Input data >>
■ ■ ■ ■

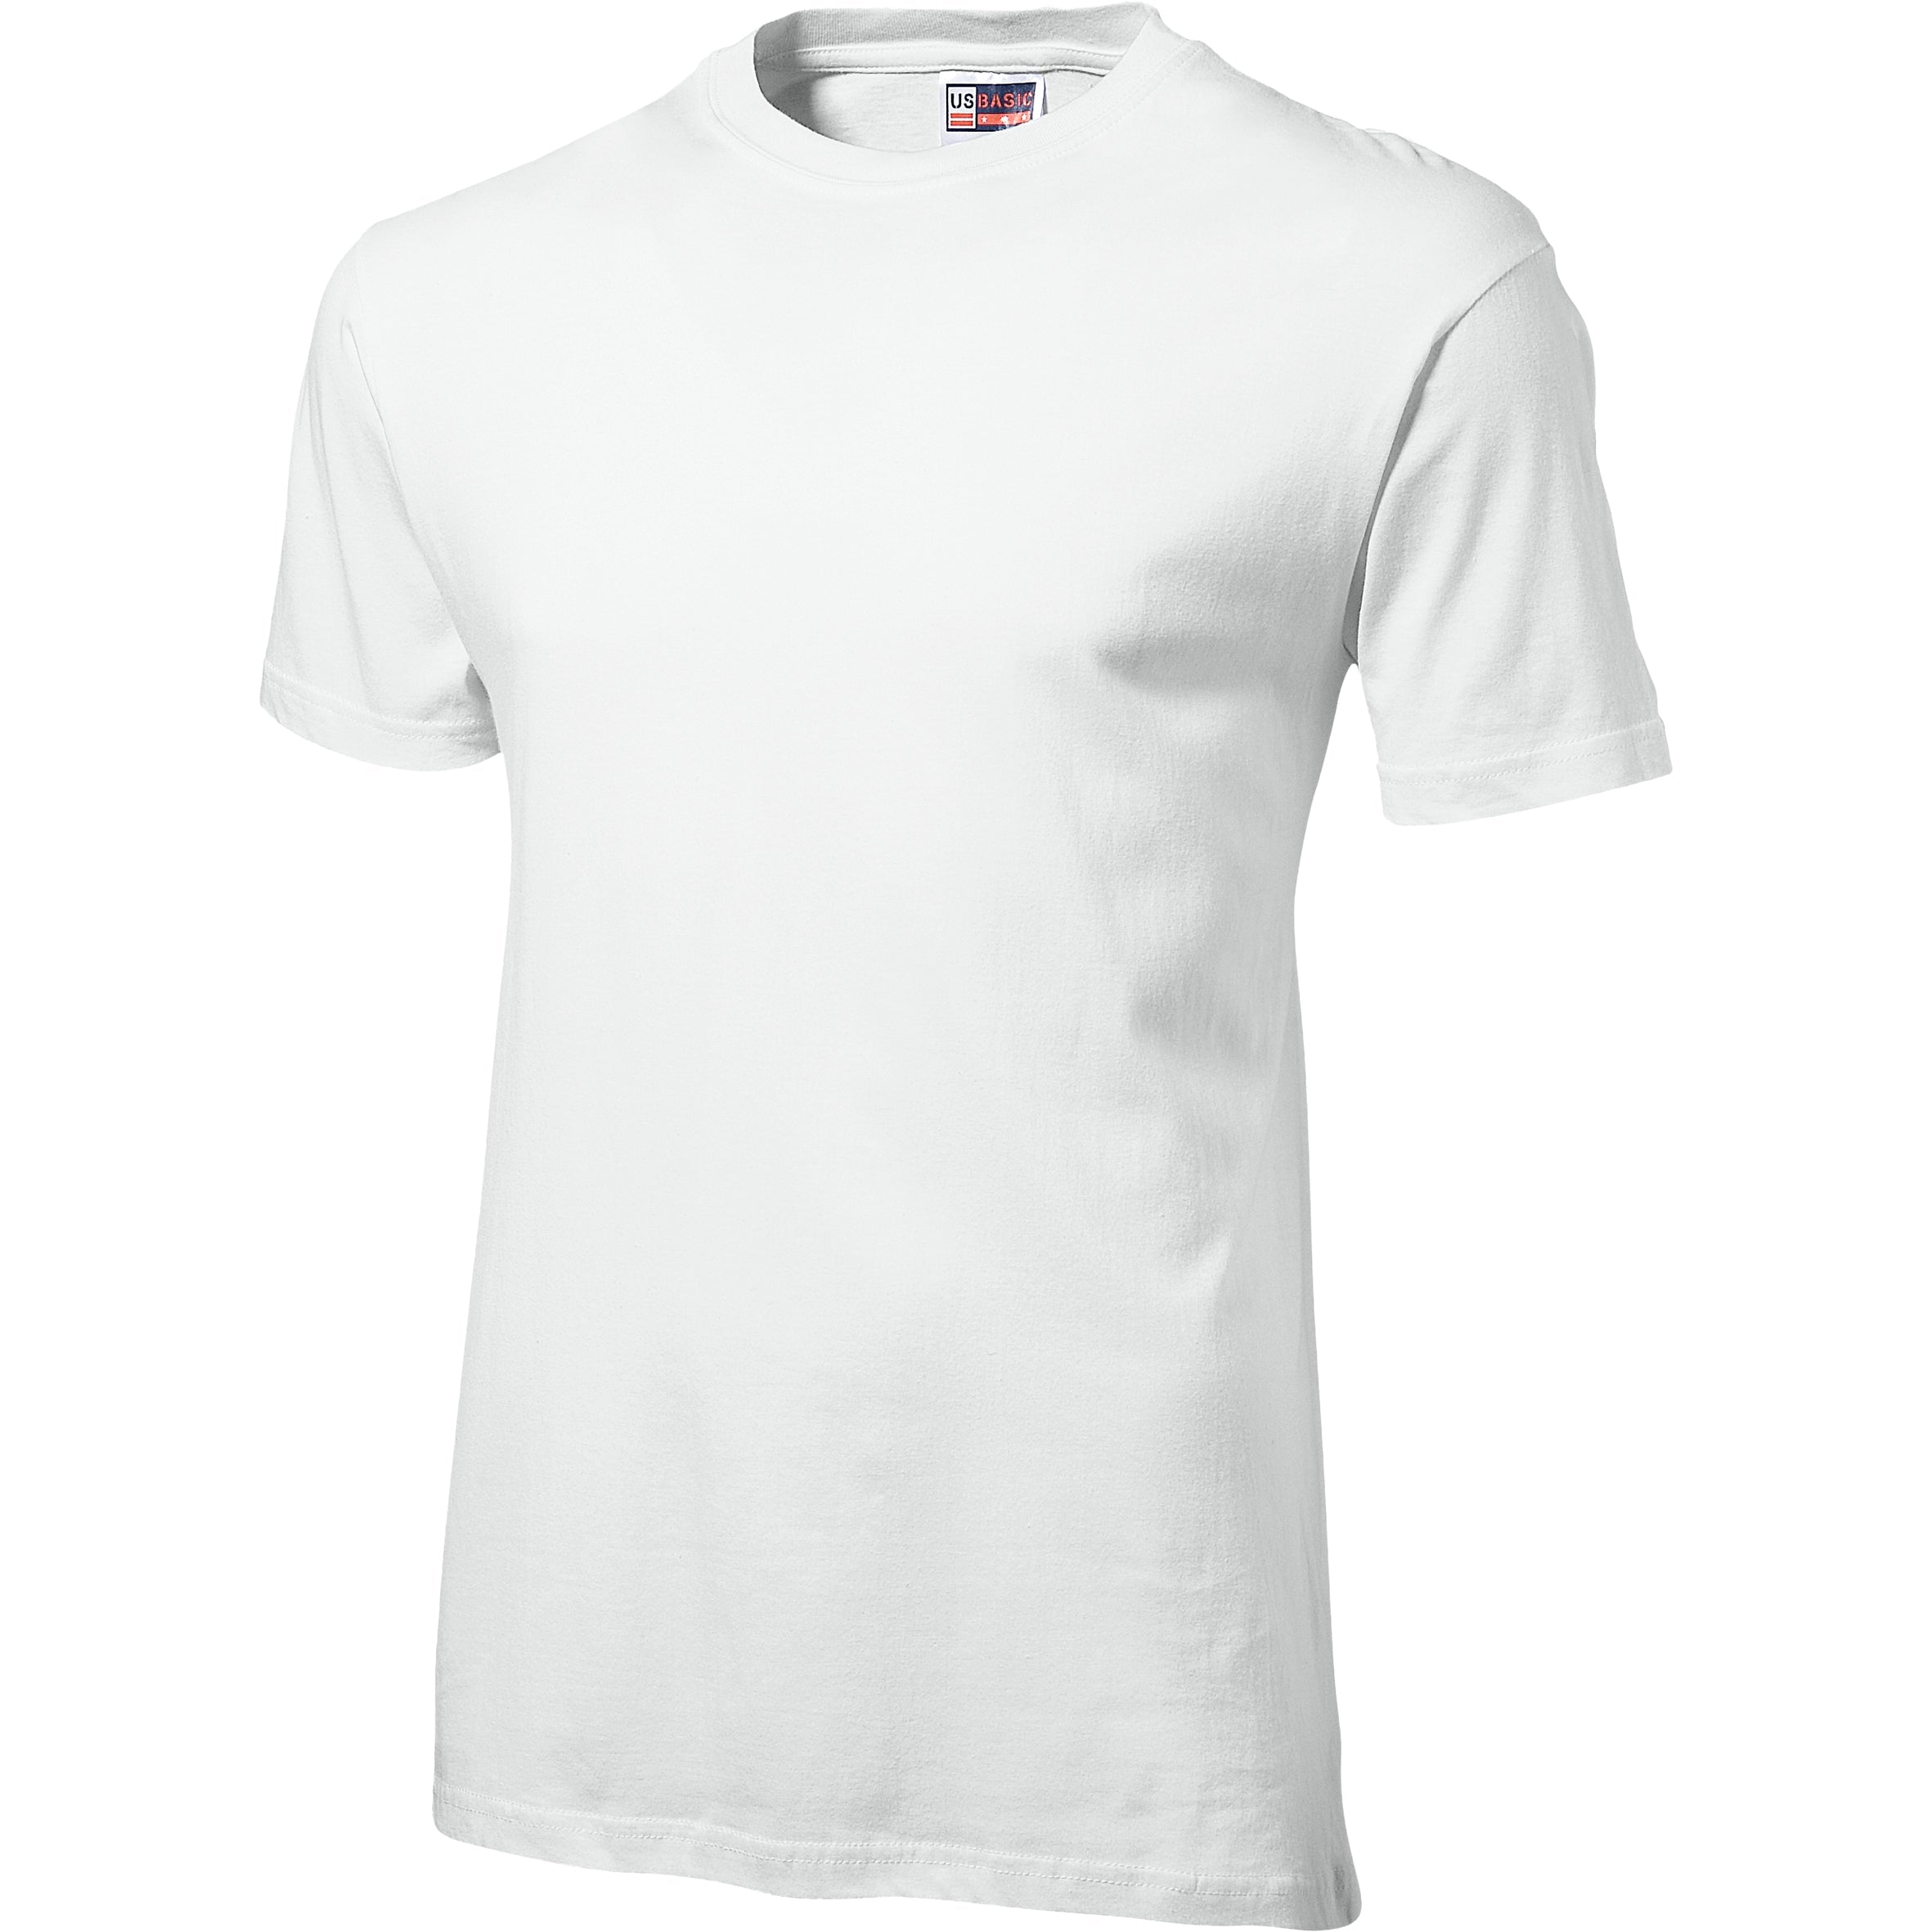 Unisex Super Club 135 T-Shirt L / White / W
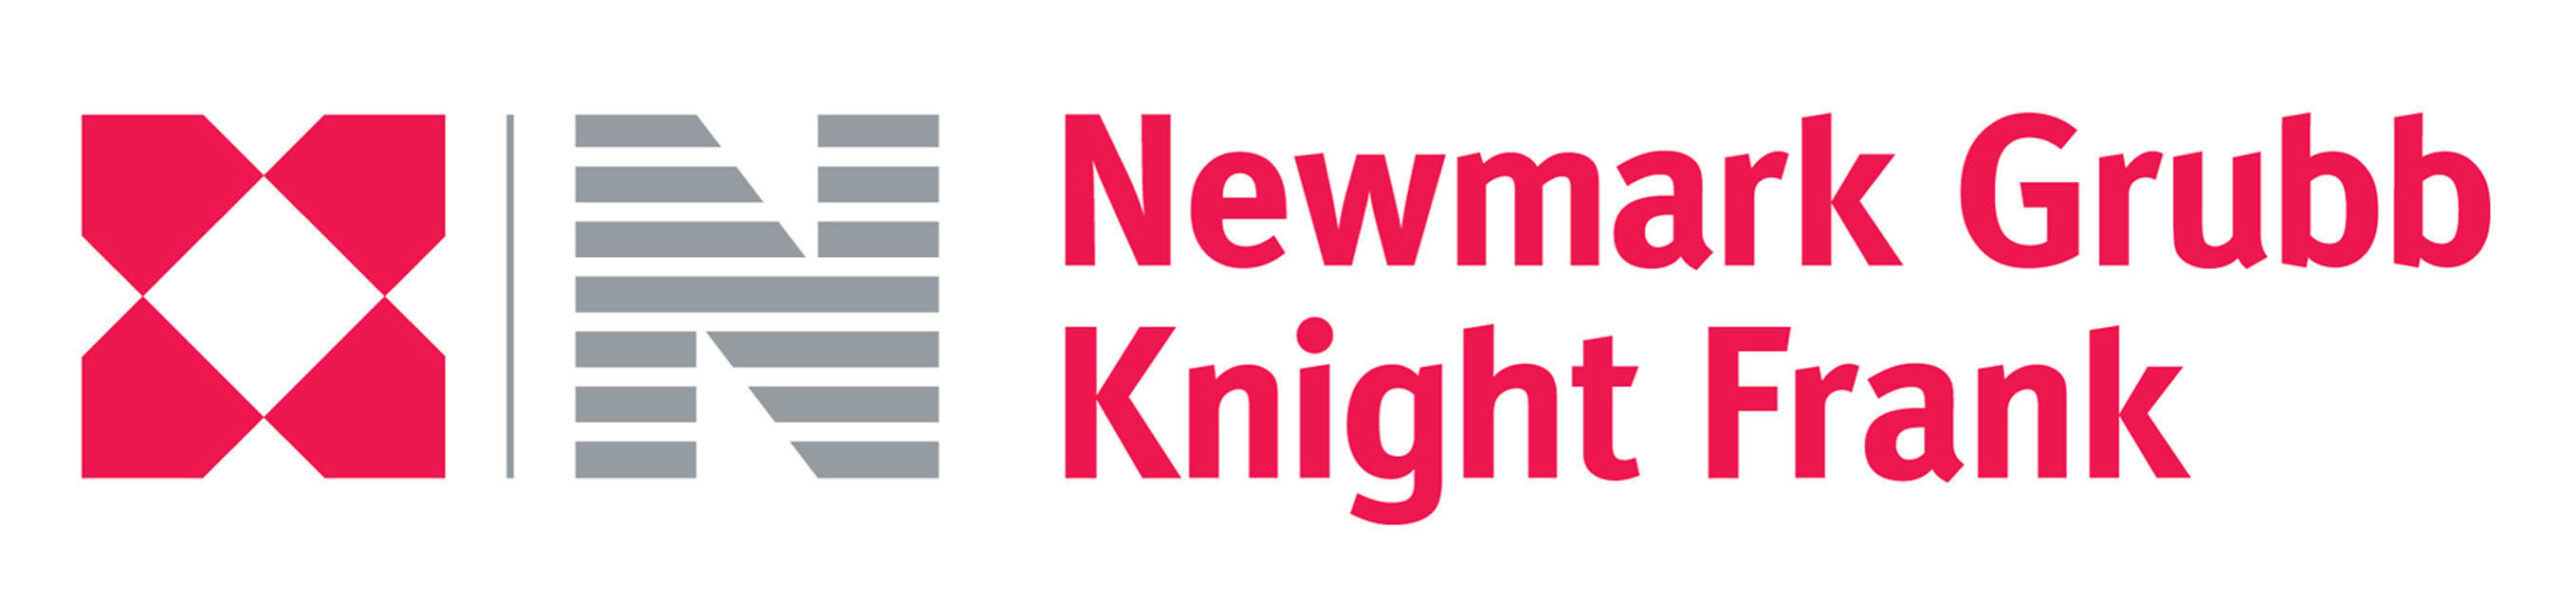 Newmark Grubb Knight Frank logo.  (PRNewsFoto/Newmark Grubb Knight Frank)
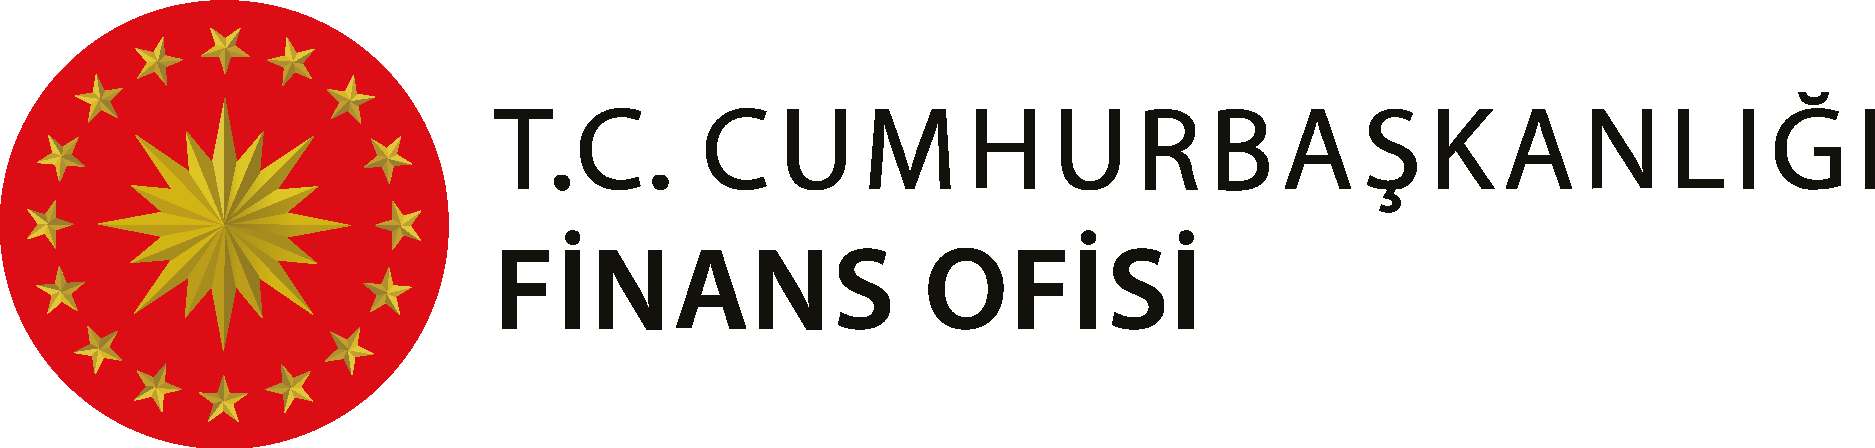 T.C. Cumhurbaşkanlığı Finans Ofisi Logo Vector

■ ■ ■ ■

Task instructions >> Counting both ends, reproduce word for word the lines from the line with "Newmark Grubb Knight Frank logo." to the final line of the listing above, skipping every picture.

Result of this exercise >>
 Newmark Grubb Knight Frank logo.  (PRNewsFoto/Newmark Grubb Knight Frank)
 T.C. Cumhurbaşkanlığı Finans Ofisi Logo Vector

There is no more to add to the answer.